# How to connect three monitor with xfx radeon 6770?



## siddharth99 (Dec 6, 2011)

How to connect three monitor with xfx radeon 6770?

Hello

My Graphic card has three port , 1VGA , 1DVI , and 1HDMI
I have connected two monitors to VGA and DVI port and it works fine ,So Can i connect a third monitor to hdmi port and get triple display or not

mu config is
XP pro 32 bit
monitor - dell st222l (with vga , dvi , hdmi ports)
XFX Radeon HD 6770

Thank You


----------



## ico (Dec 6, 2011)

You can only use any two. Not three. For the third display in Eyeinifnity, you need a card with Display Port.

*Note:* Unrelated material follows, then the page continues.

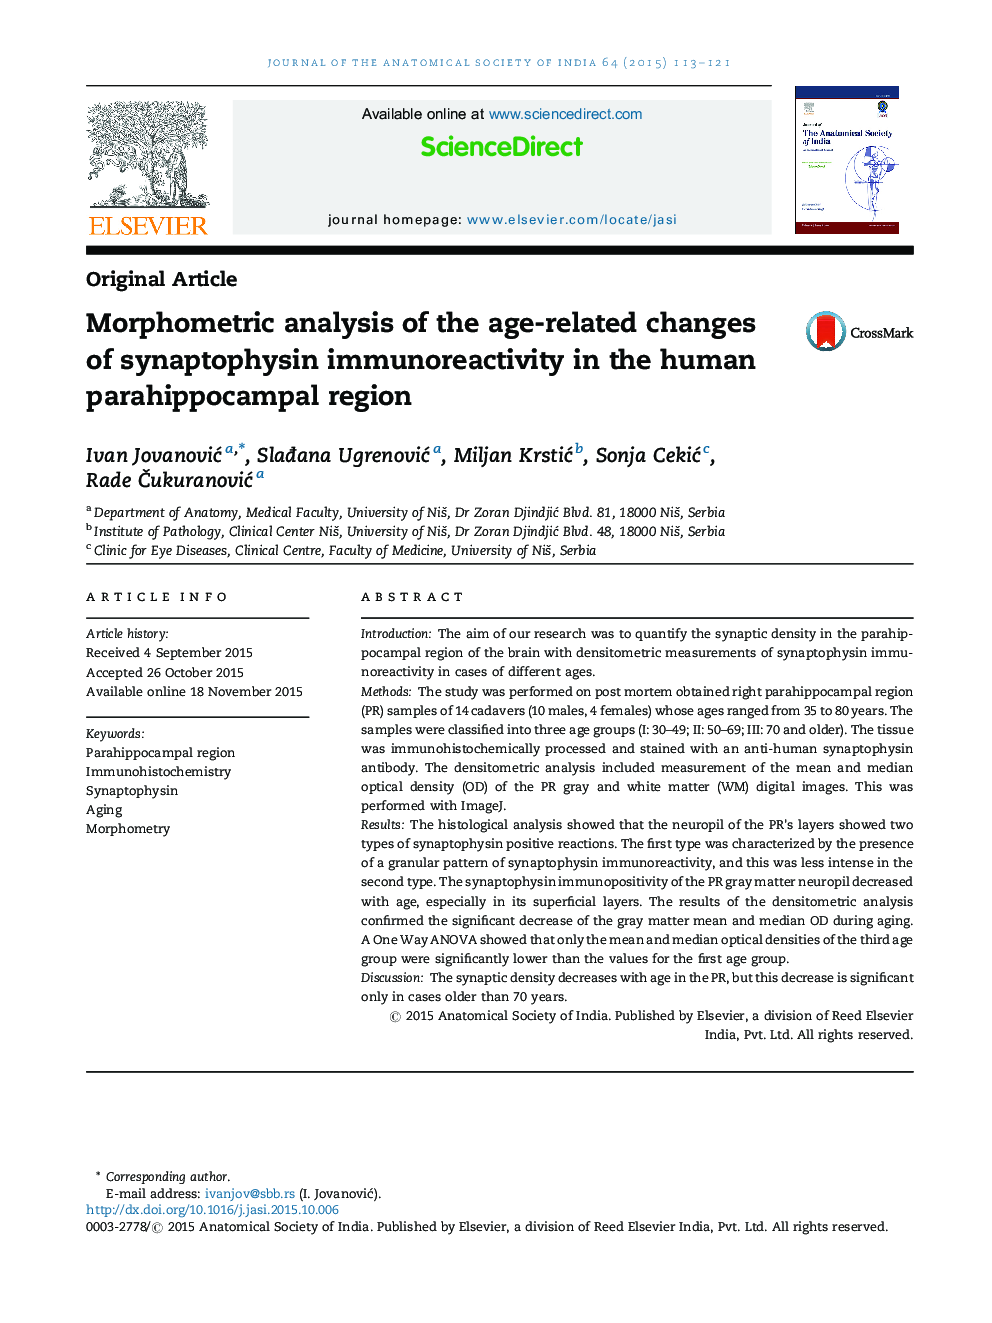 تجزیه و تحلیل مورفومتریک تغییرات مرتبط با سن ایمونوآرژیک سیناپتوفیزین در منطقه پاراه آیپکامپال انسان

My HD 6950 has two DVI, one HDMI and two DP. I can use only four monitors, not five. Two from either of DVI/HDMI and two from DP.

I hope this solves it.


----------



## macho84 (Dec 6, 2011)

Ico i had a small query very long time which card will be connected to display for cf. Does installing the crossfire cable is sufficient. I am not sure or both the card need to be coupled.


----------



## topgear (Dec 7, 2011)

I don't think modern gpus use CF cables anymore - instead they use CF bridge and the CF bridge handles the coupling of two cards inside of your cabby 

you need to connect the display to the primary gfx card - most probably the first gfx card under mobo I/O panel or the gfx card seated on the primary/1st pci-e x16 slot of your mobo.


----------